Determining the j at line 2 of the algorithm now simply requires a FIND operation followed by the retrieval of the number assigned to the representative (which is j by definition).

Finding the smallest l is simply a matter of consulting the "next" assigned to the representative of K_j, which will point to the next set we haven't deleted yet by definition (and will exist since j \neq m+1 at this point).

Finally, line 6 requires us to do an union operation. For that, we first follow the integer "prev" of the representative and set the "next" of that previous set (if it exists) to the next of the representative of K_j: the next set of the previous set is now the next set of the current set. Then, we do the same on the other side by setting the "prev" of the next set to the "prev" of the set we're deleting K_j. Finally, we do a traditional UNION of the sets, which is correct by definition and preserves the next and prev values.
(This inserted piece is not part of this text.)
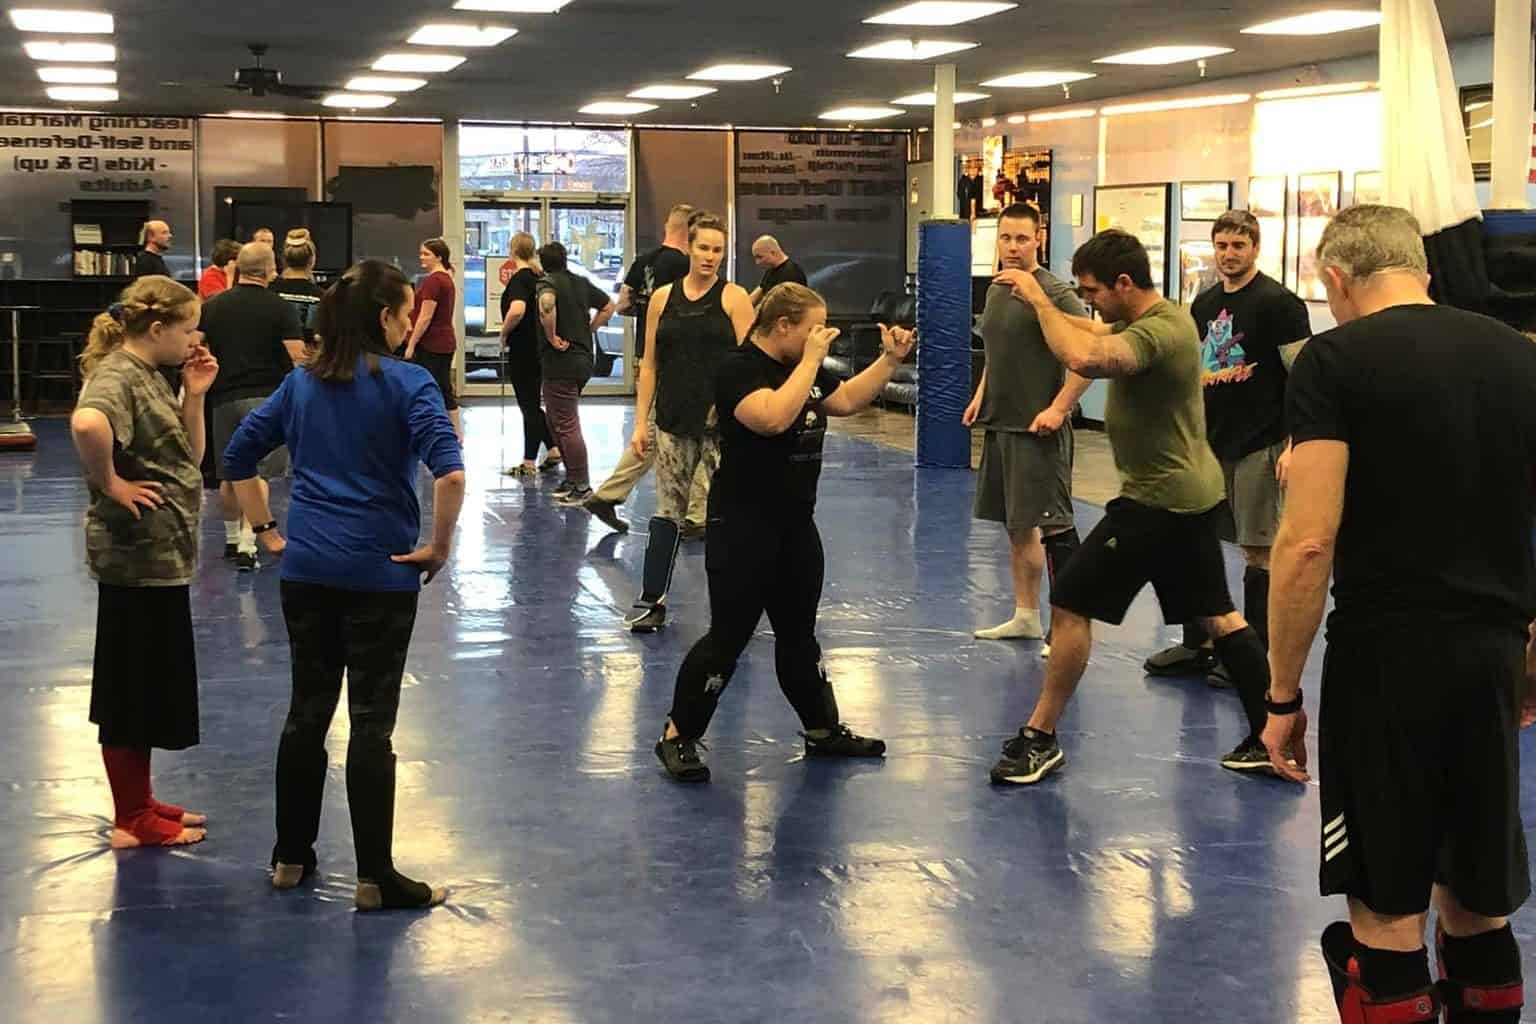 Come to Billings Krav Maga to learn self defense and get a great workout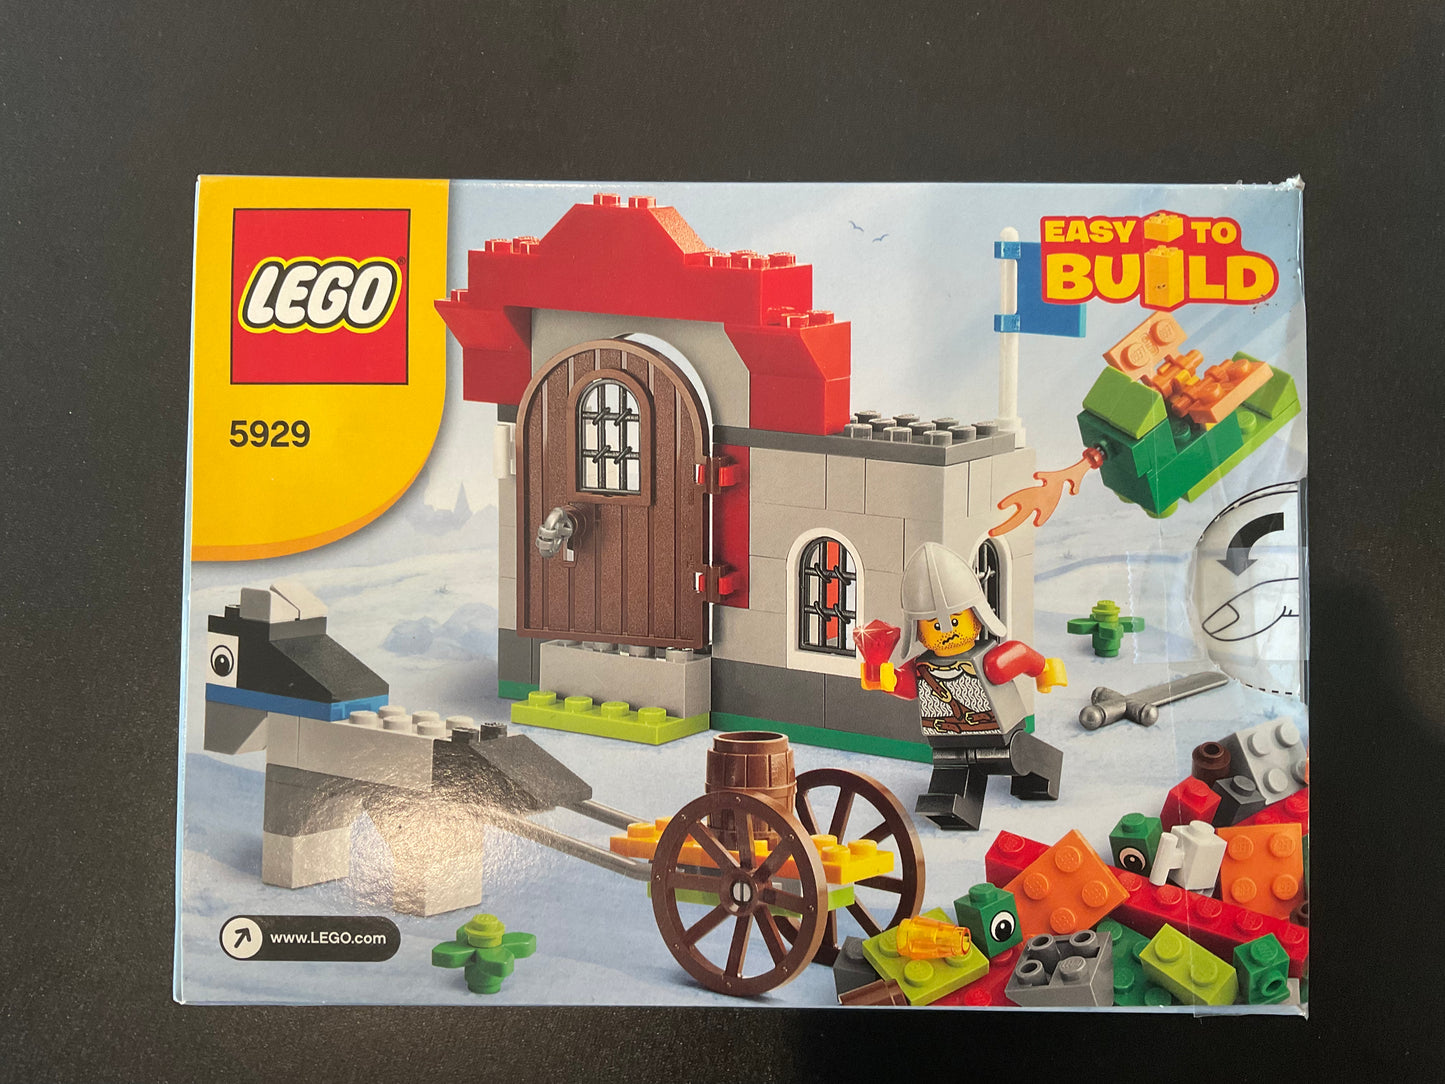 Lego Knight and Castle Building Set 5929 - Certified

All of this tinkering means that each loop of the algorithm does at most one FIND and one UNION operation. As a matter of fact, we can be more precise since there are exactly n FIND operations being carried out, and precisely m UNION operations being done (since each K_j is deleted once and exactly once during the algorithm).

If we add the initial n makeset operations, we have an algorithm that has complexity O(n + (n+m)\alpha(n)) = O(n\alpha(n)).